The study, led by researchers from the National Institute on Deafness and Other Communication Disorders (NIDCD), has identified three genes as a source of stuttering in volunteers in Pakistan, the US and Britain.
Stuttering is a speech disorder in which a person repeats or prolongs sounds, syllables, or words, disrupting the normal flow of speech. It can severely hinder communication and a person's quality of life.
Mutations in two of the genes have already been implicated in other rare metabolic disorders also involved in cell recycling, while mutations in a third, closely related, gene have now been shown to be associated for the first time with a disorder in humans.
“For hundreds of years, the cause of stuttering has remained a mystery for researchers and health care professionals alike, not to mention people who stutter and their families,” said James F. Battey, Jr, director of the NIDCD.
“This is the first study to pinpoint specific gene mutations as the potential cause of stuttering, a disorder that affects three million Americans, and by doing so, might lead to a dramatic expansion in our options for treatment.”
Stuttering tends to run in families, and researchers have long suspected a genetic component. Previous studies of stuttering in a group of families from Pakistan had been done by Dennis Drayna, geneticist with the NIDCD, which indicated a place on chromosome 12 that was likely to harbour a gene variant that caused this disorder.

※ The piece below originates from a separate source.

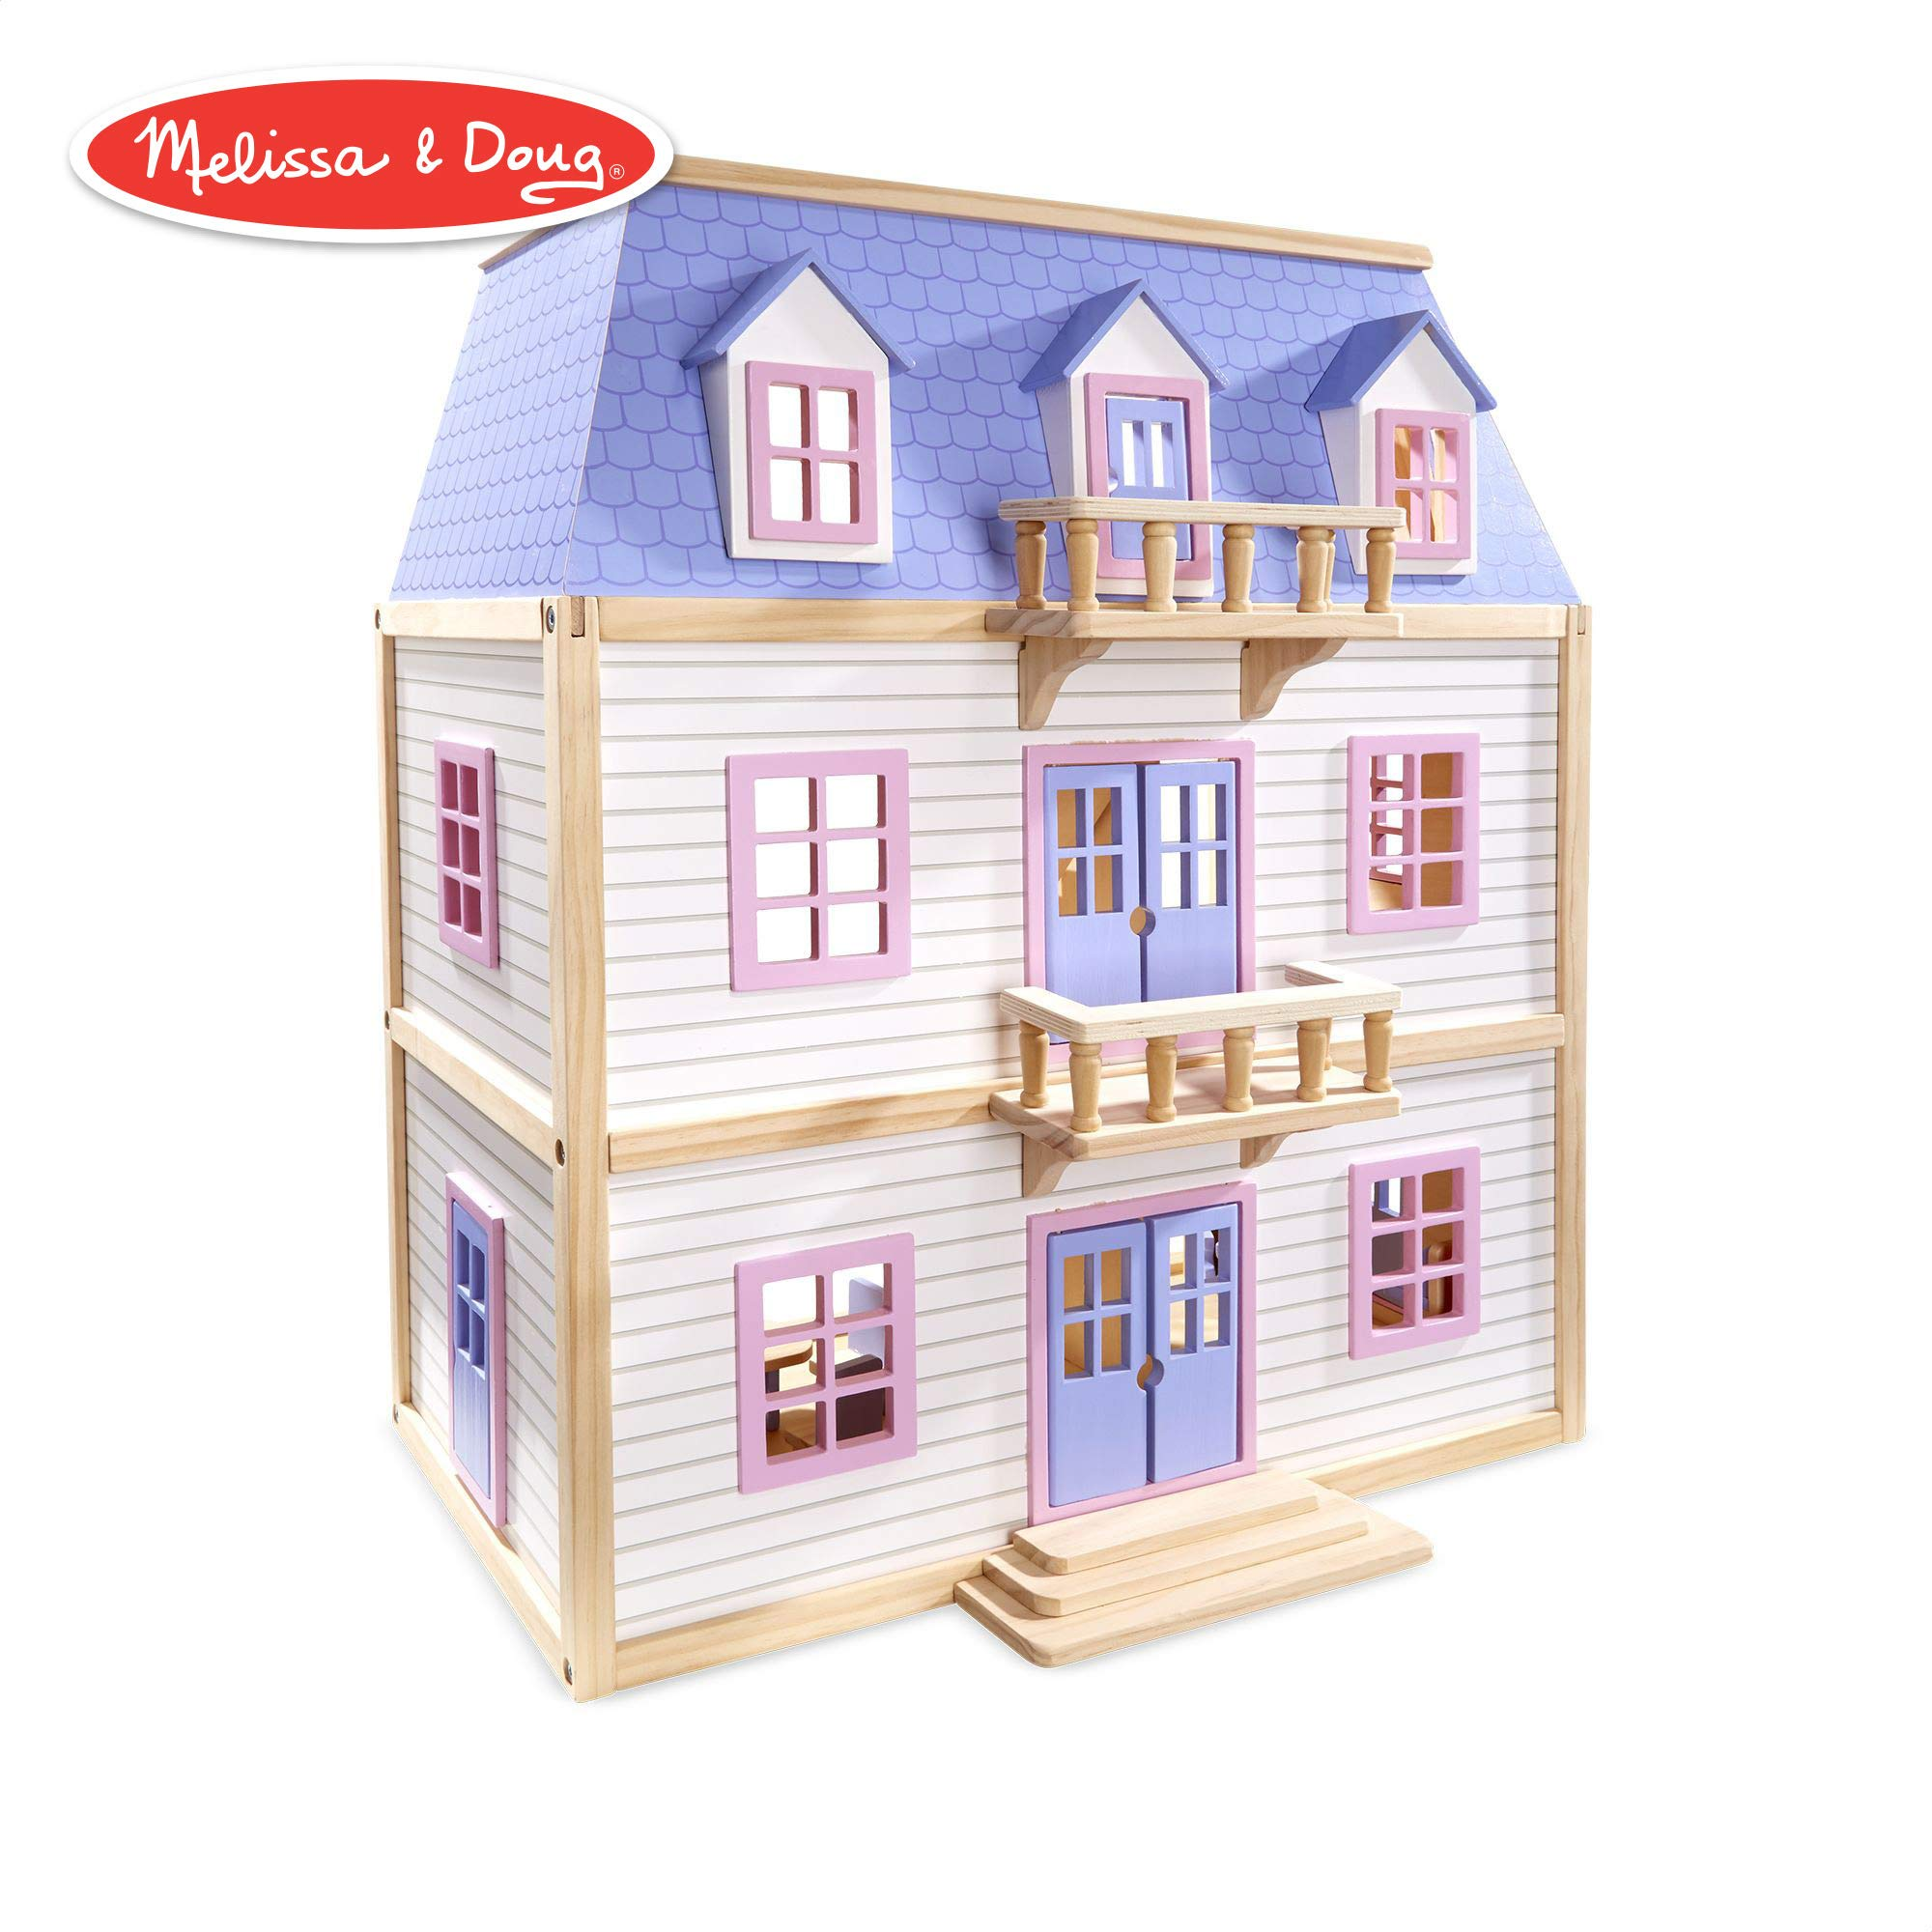 "Melissa & Doug Modern Wooden Multi-Level Dollhouse (Dolls & Dollhouses, 19 Pieces, White, 28"" H x 15.5"" W x 24"" L)"

Mr. Drayna and his team refined the location of this place on chromosome 12 and focused their efforts on the new site. They then analysed the genes of 123 Pakistani individuals who stutter - 46 from the original families and 77 who are unrelated - as well as 96 unrelated Pakistanis who don't stutter, and who served as controls.
Individuals from the US and Britain also took part in the study, 270 who stutter and 276 who don't, said a NIDCD release.
Researchers found some individuals who stutter possessed the same mutation as that found in the large Pakistani family. They also identified three other mutations in a gene which showed up in several unrelated individuals who stutter but not in the controls.
These findings were published in the February online First issue of the New England Journal of Medicine.